** Opening Task input block **
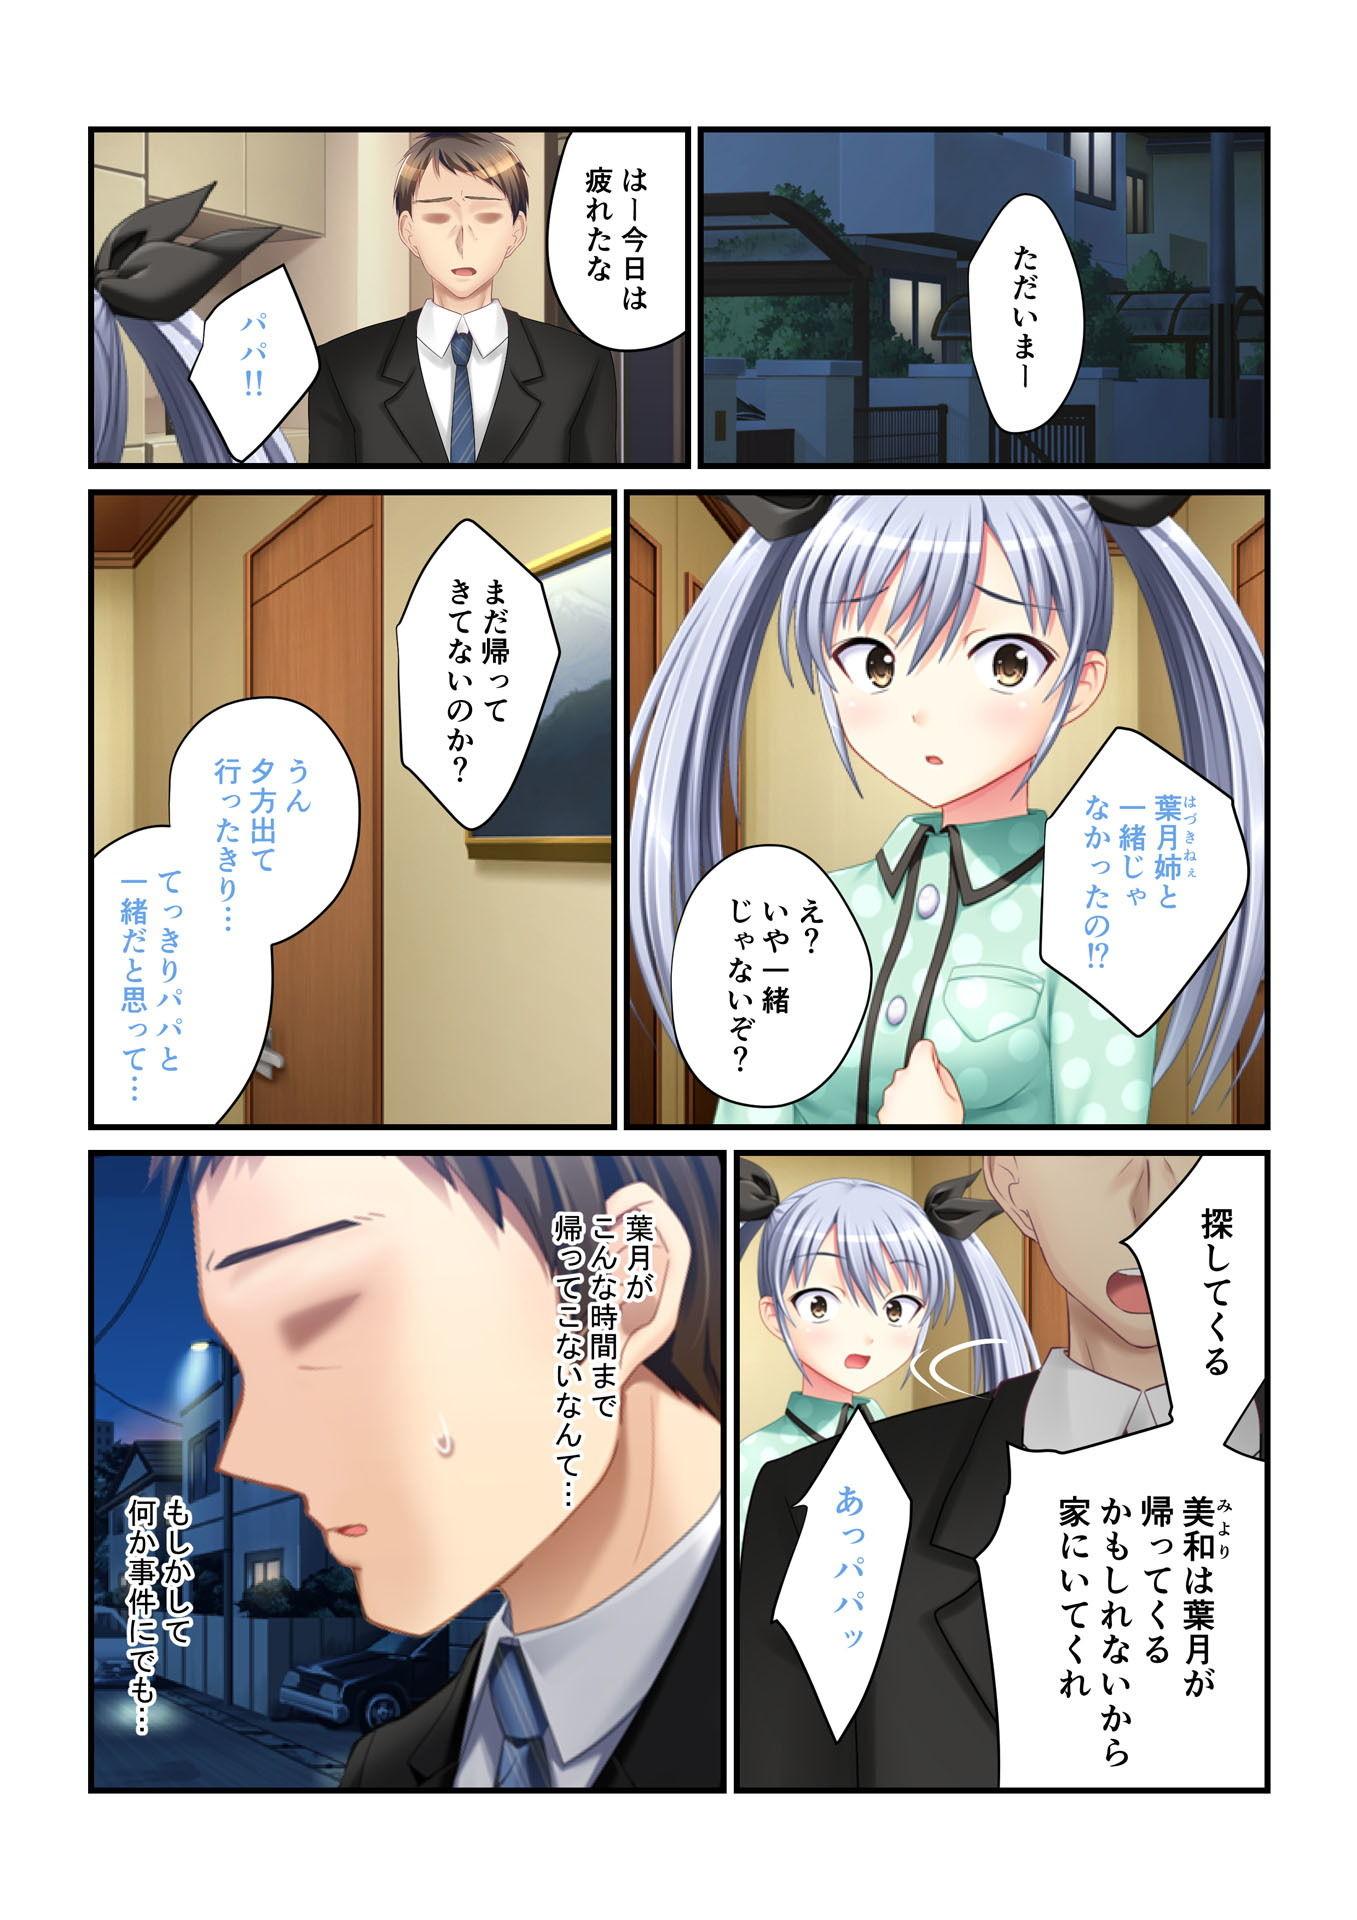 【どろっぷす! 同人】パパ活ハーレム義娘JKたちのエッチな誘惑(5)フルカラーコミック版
** Closing Task input block **
** Opening Task input block **
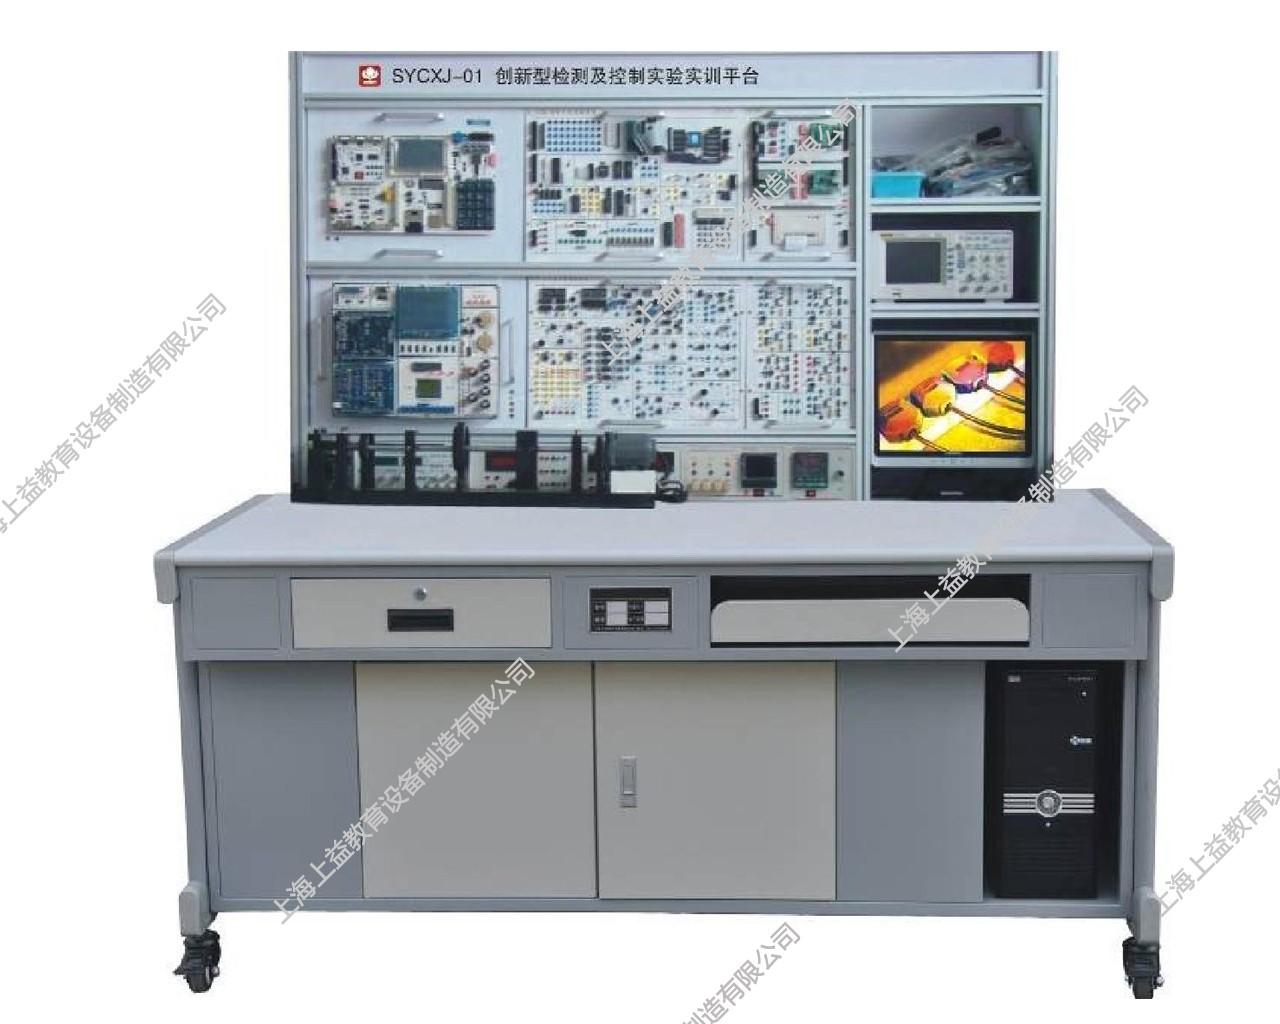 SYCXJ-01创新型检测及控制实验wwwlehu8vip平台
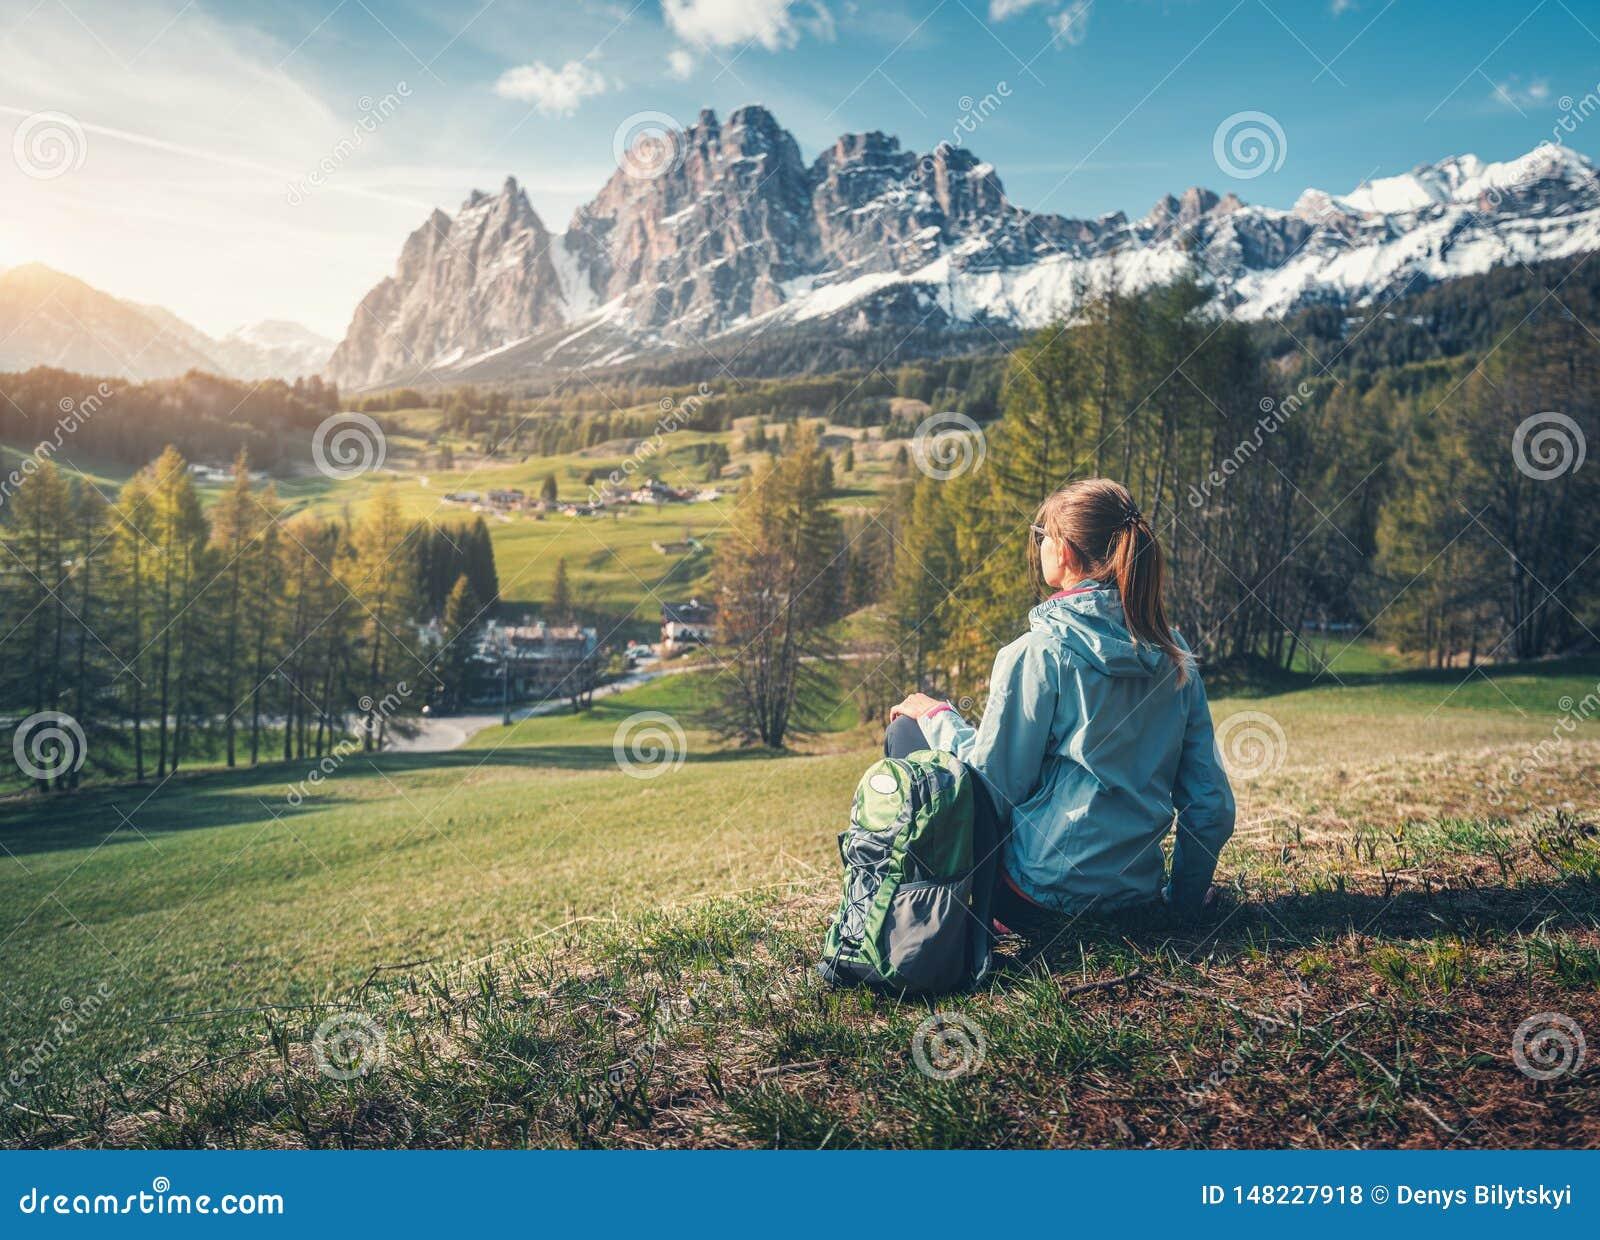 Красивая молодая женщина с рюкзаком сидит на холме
** Closing Task input block **
** Opening Task input block **
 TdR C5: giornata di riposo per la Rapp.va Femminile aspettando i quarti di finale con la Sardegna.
** Closing Task input block **
Start at the line above containing "SYCXJ-01创新型检测及控制实验wwwlehu8vip平台" and stop at the line containing "Красивая молодая женщина": print those lines and everything between them exactly, but not the pictures.

Solved problem:
 SYCXJ-01创新型检测及控制实验wwwlehu8vip平台
 Красивая молодая женщина с рюкзаком сидит на холме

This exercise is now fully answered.